For ****’s sake, is it \omega(X_H,\cdot) = dH or \omega(X_H,\cdot) = -dH?

My original motivation to write this post was actually a slightly different sign question, which I hadn’t realized until recently is quite closely related to this one. If you’ve seen me at any conferences recently, you may already be able to guess what I’m referring to, because I’ve developed a habit of interrupting other people’s talks to make the following seemingly frivolous observation:

The symplectization of M is {\mathbb R} \times M, not M \times {\mathbb R}.

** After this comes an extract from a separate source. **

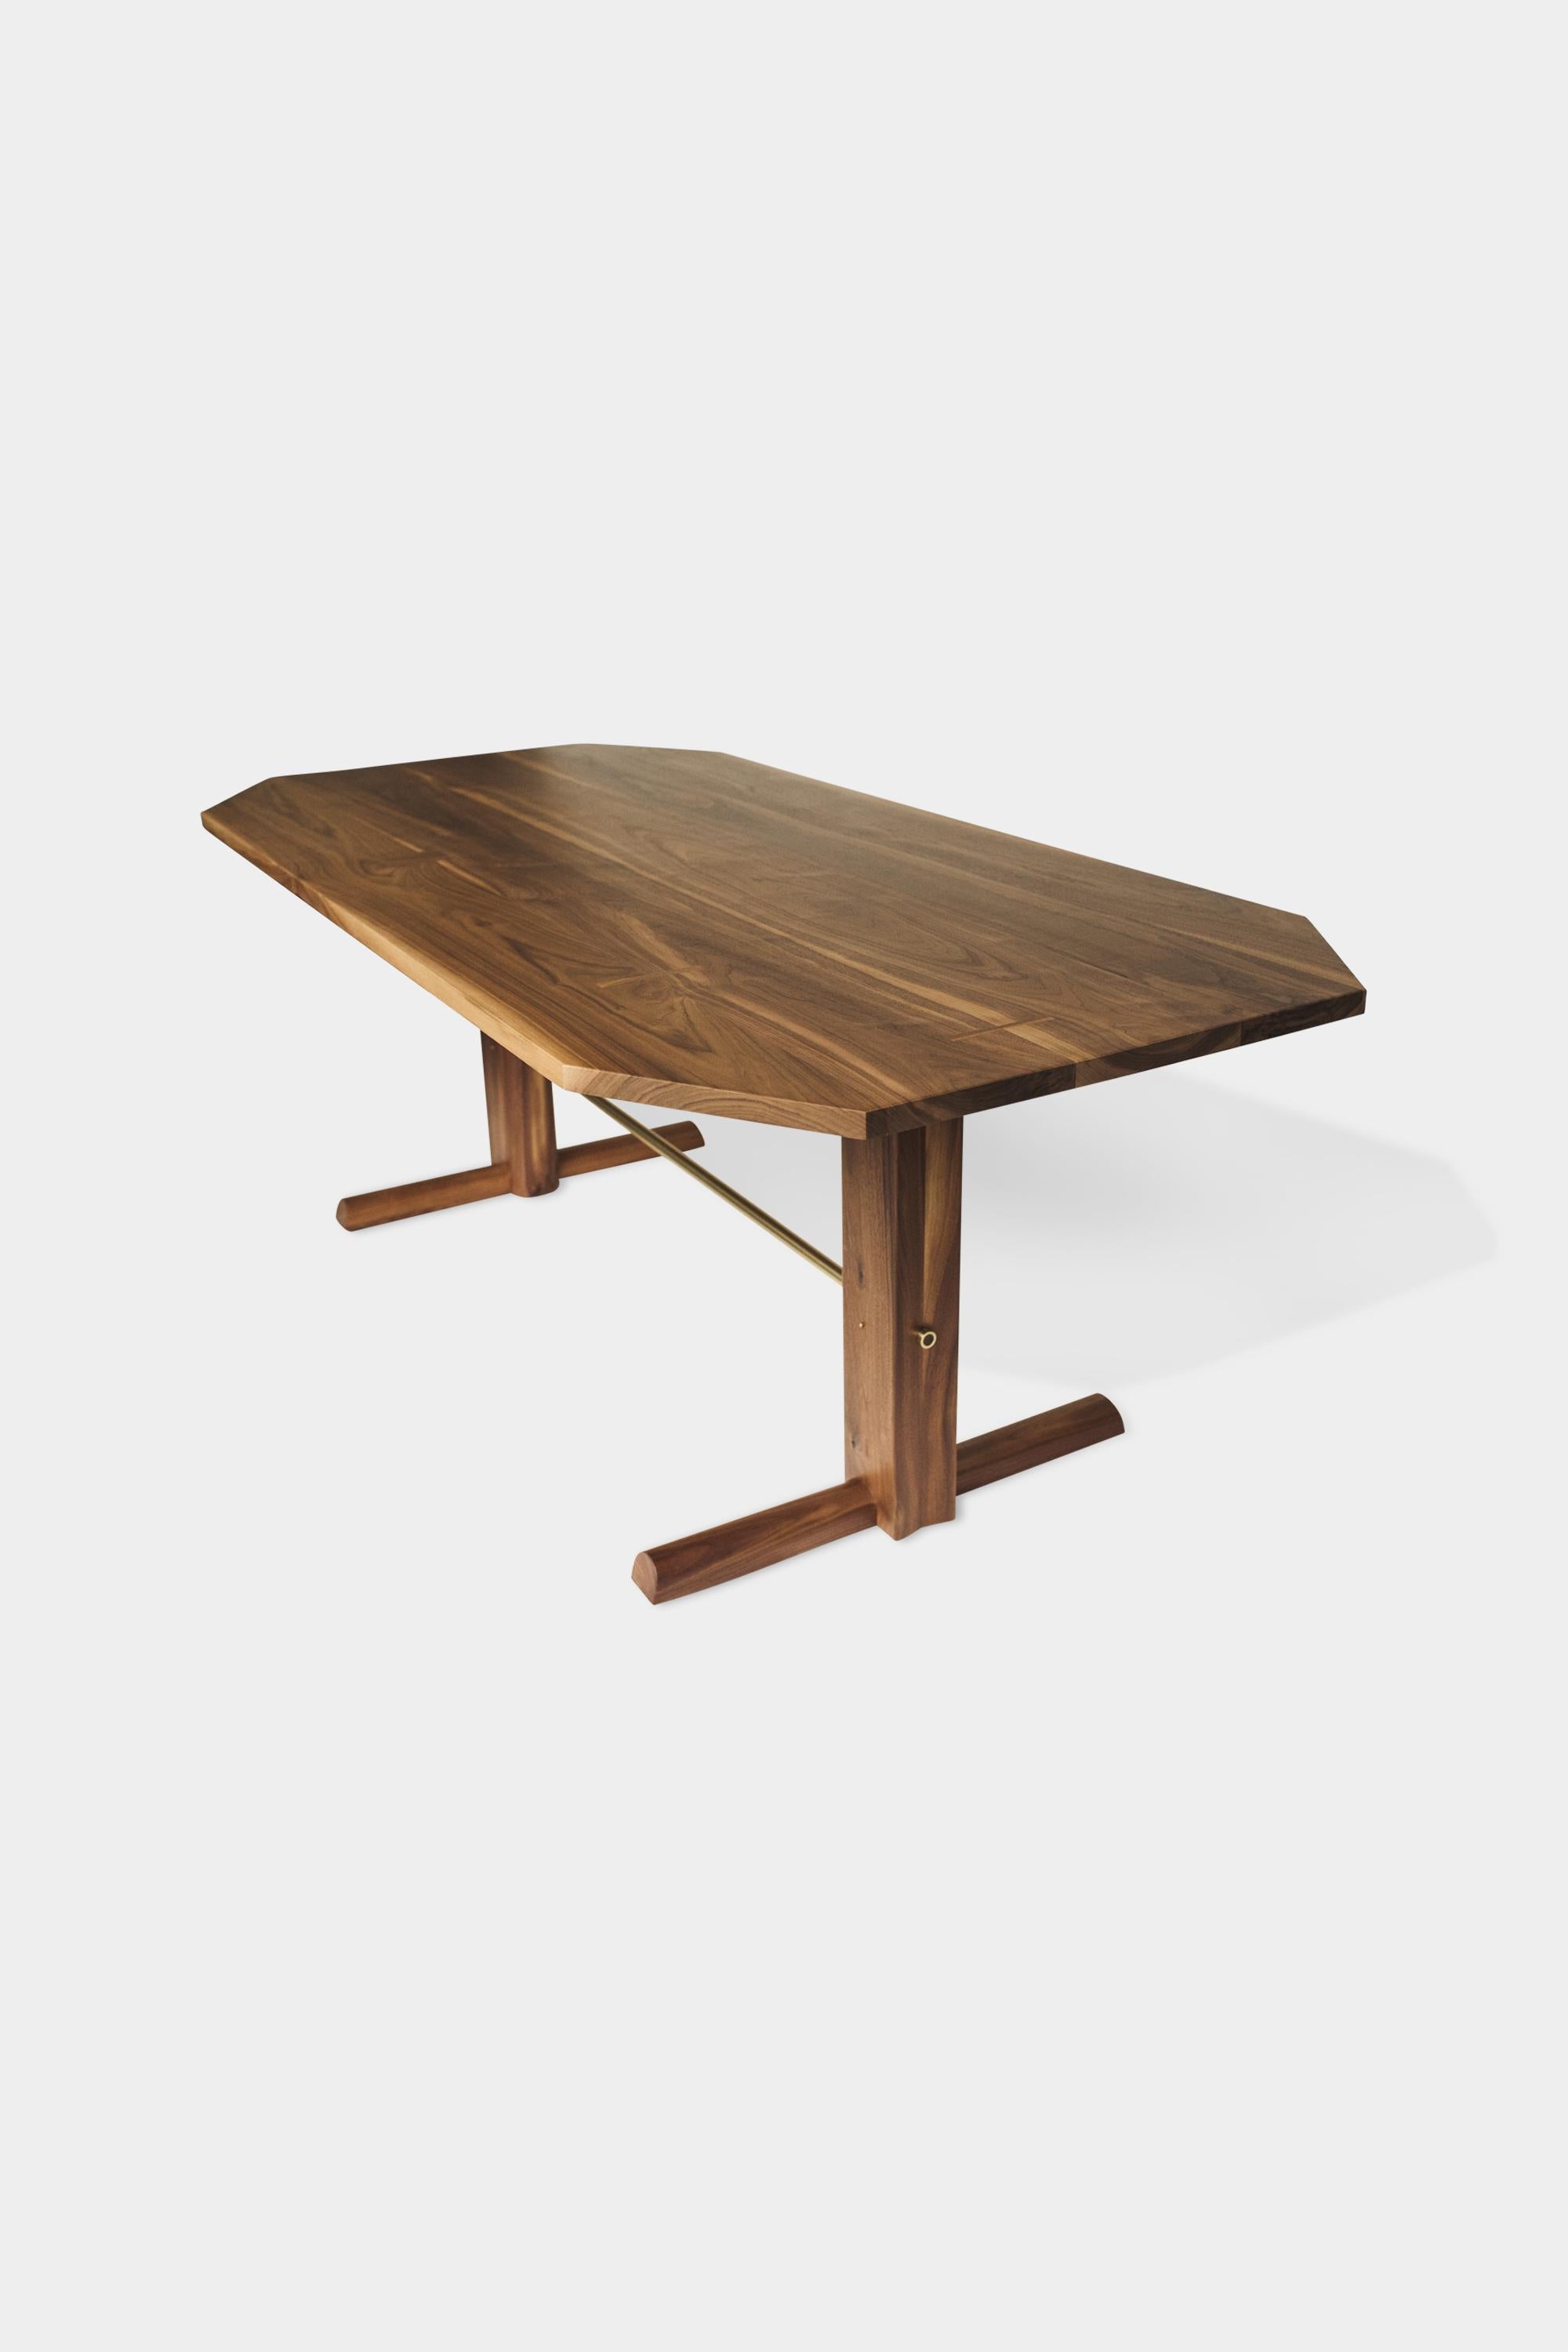 Clipped Corner BRIG Dining Table in Walnut In New Condition For Sale In North Hollywood, CA
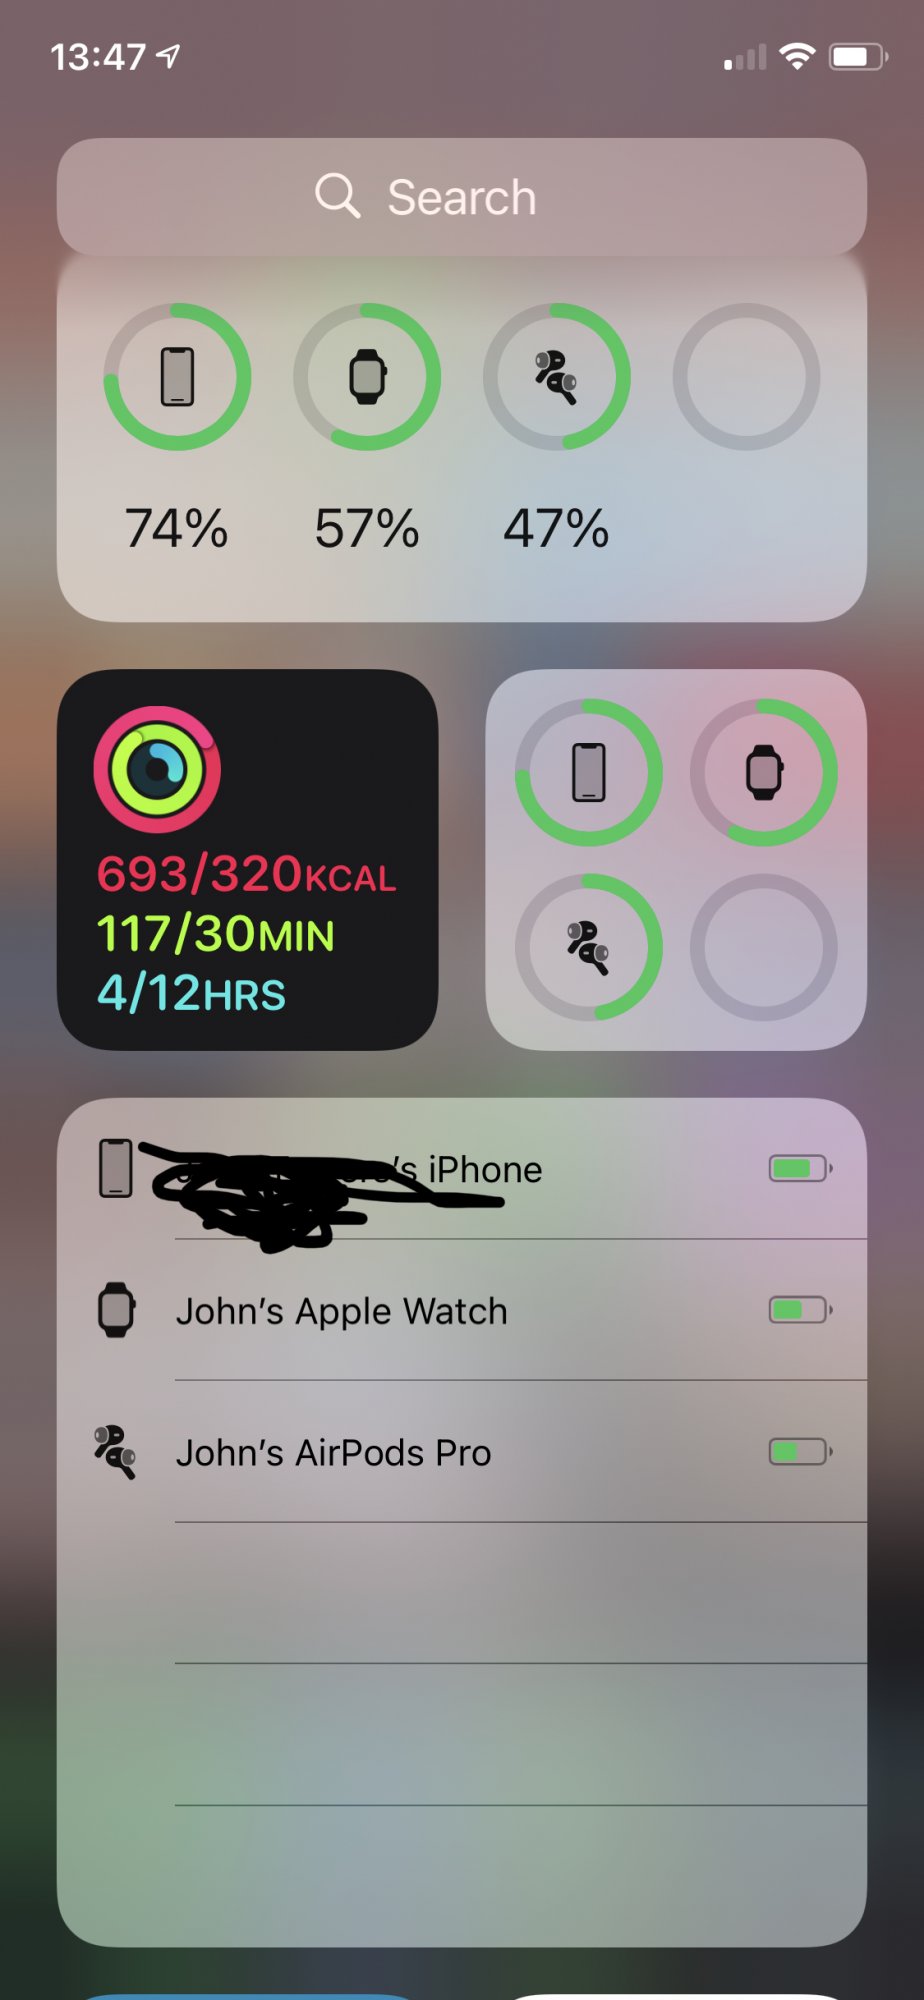 battery widget knobbled so it's useless for AirPod users | MacRumors Forums

I don’t mean to sound dogmatic, and I don’t bring up this point just to annoy people — I bring it up because most people don’t realize there is an issue here that goes beyond a matter of arbitrary convention, and as anyone who’s ever tried to understand Floer-type theories with something other than {\mathbb Z}_2-coefficients will tell you, being careless with orientations can easily lead to trouble. This kind of trouble:

cartoon about sign errors

© Bob Krohmer ,

Still with me? Good.

So is it R times M or M times R?

The issue with the symplectization of a contact manifold is very simple. In the literature it appears most often in the following form: assume (M,\xi) is a contact manifold with contact form \alpha. The symplectization of (M,\xi) can then be described as a manifold diffeomorphic to {\mathbb R} \times M with an exact symplectic form \omega = d(e^t\alpha); or sometimes one presents the symplectization instead as (0,\infty) \times M with \omega = d(t\alpha), which is fine since these two constructions are obviously symplectomorphic. What is not fine, but is nonetheless often done in papers by quite prominent authors (including the paper that gave this blog its name), is to write \omega in one of the above forms but write the manifold itself as M \times {\mathbb R} or M \times (0,\infty). Why isn’t this fine? Well, I assume we can all agree on the following:

  1. If X and Y are two oriented manifolds, then X \times Y inherits a canonical orientation, with a positively oriented local coordinate system given by (x_1,\ldots,x_m,y_1,\ldots,y_n) for any choice of positively oriented local coordinates (x_1,\ldots,x_m) on X and (y_1,\ldots,y_n) on Y.
  2. Any symplectic manifold (W,\omega) carries a canonical orientation, namely the one defined by the volume form \omega \wedge \ldots \wedge \omega.
  3. Any contact manifold (M,\xi) with a co-oriented contact structure also carries a canonical orientation, namely the one defined by \alpha \wedge d\alpha \wedge \ldots \wedge d\alpha for any choice of contact form \alpha compatible with the co-orientation of \xi.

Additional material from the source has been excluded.